What are the risks of the procedure?

​As with most procedures, there is a remote risk of bleeding, infection, or allergic reaction to the medications used. Additional short-term effects may occur. You may have some temporary numbness or weakness caused by the local anesthetic (numbing medicine). If this interferes with your ability to walk safely, you will have to remain in the Pain Management Center until it resolves, usually several hours. You may have increased pain for a few days after the injection, including localized pain at the injection site. Diabetics may have short-term elevation of blood sugars as a result of the steroid medication.

How much will the procedure hurt?​

Most people say the stinging/burning of the numbing medicine is the most uncomfortable part of the procedure (this lasts only a few seconds); however, every person’s response to any procedure will differ.

How do I prepare for my procedure?

Please check your blood sugar at home before coming in. If you are taking any blood thinners such as Coumadin, Xarelto, Eliquis, Plavix, or any others, these medications must be discontinued well before the procedure. You will be directed by our staff as to when you should stop this medication. Please make your Pain Management doctor aware that you are taking a blood thinner and contact your primary care physician or prescribing physician before stopping this medication.

What happens during the actual procedure?


After the doctor examines you and goes over the risks and benefits of the procedure, he or she will ask you to sign a consent form. Then, you will either be assisted to the X-ray or ultrasound table. Your injection site is cleansed with an antiseptic soap and alcohol, and then covered by sterile drapes. The skin is numbed with local anesthetic (numbing medicine). Using either X-ray or ultrasound guidance, a needle is advanced to the nerve.  Local anesthetic (numbing medicine) and possibly steroid are then injected around the nerve, and the needle is removed. The injection site will be washed, and a Band-Aid will be applied. You will be monitored for an appropriate time in the recovery area (usually 10-20 minutes) where you may be offered juice/soda and graham crackers. You will be given verbal and written discharge instructions and may go home with your driver after your doctor authorizes discharge.

How will I feel after the injection?


Your pain may be improved immediately after the injection from the local anesthetic. Once the numbing medicine wears off, your pain may return. It is possible that you will have some soreness at the injection site and your pain may worsen for a day or two after the procedure. The steroid medication takes 2-3 days to start having an effect in most people. Using an ice pack applied three or four times a day can help alleviate the discomfort at the injection site. You may take your usual pain medication after the injection.

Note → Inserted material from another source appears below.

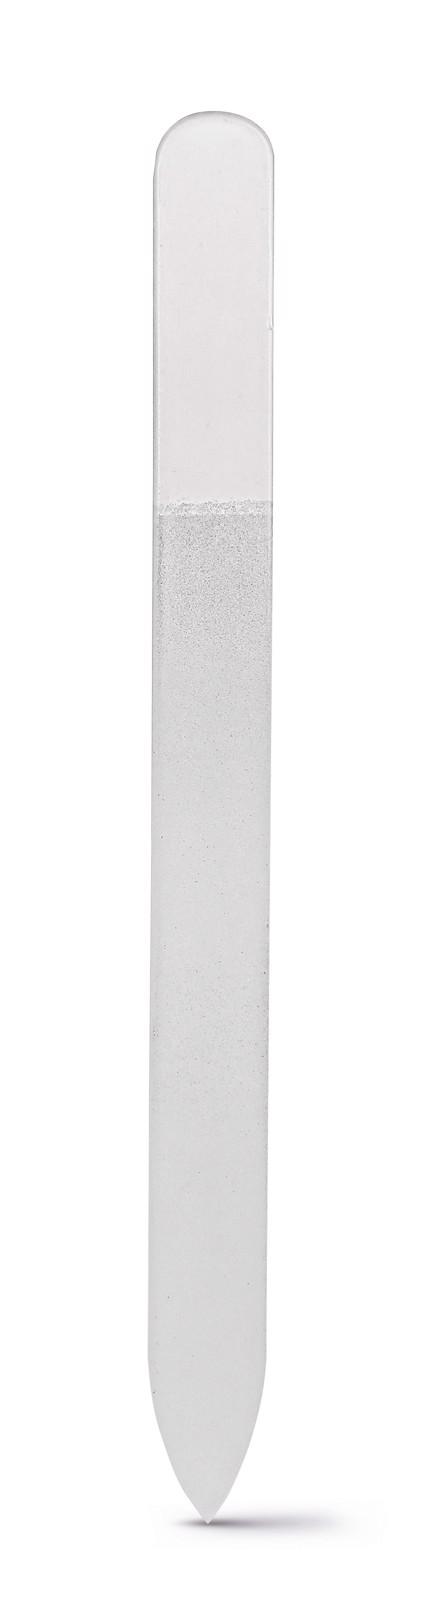 RASPERA. Skleněný pilník na nehty - Transparentní

Will I have restrictions on the day of the procedure?


No heat is to be used in the injected area for the remainder of the day. No tub bath, shower or soaking in water (i.e., pool, hot tub, etc.) for the remainder of the day. You may resume normal diet and medications after the procedure unless told otherwise by your doctor.

When should I call the Pain Management Center?

We would like you to schedule a follow up appointment 1-2 weeks after your procedure regarding your response. Specifically, we would like to know if you experienced pain relief (if so, how long did it last), your current pain score, and if you are experiencing any problems. If you experience severe pain, new numbness or weakness of your legs, a temperature of 100.5 or greater, or signs of infection in the area of the injection (redness, swelling, heat, discharge), you should call the Pain Management Center immediately at 702-982-1300 to have the pain management physician on call paged to your number.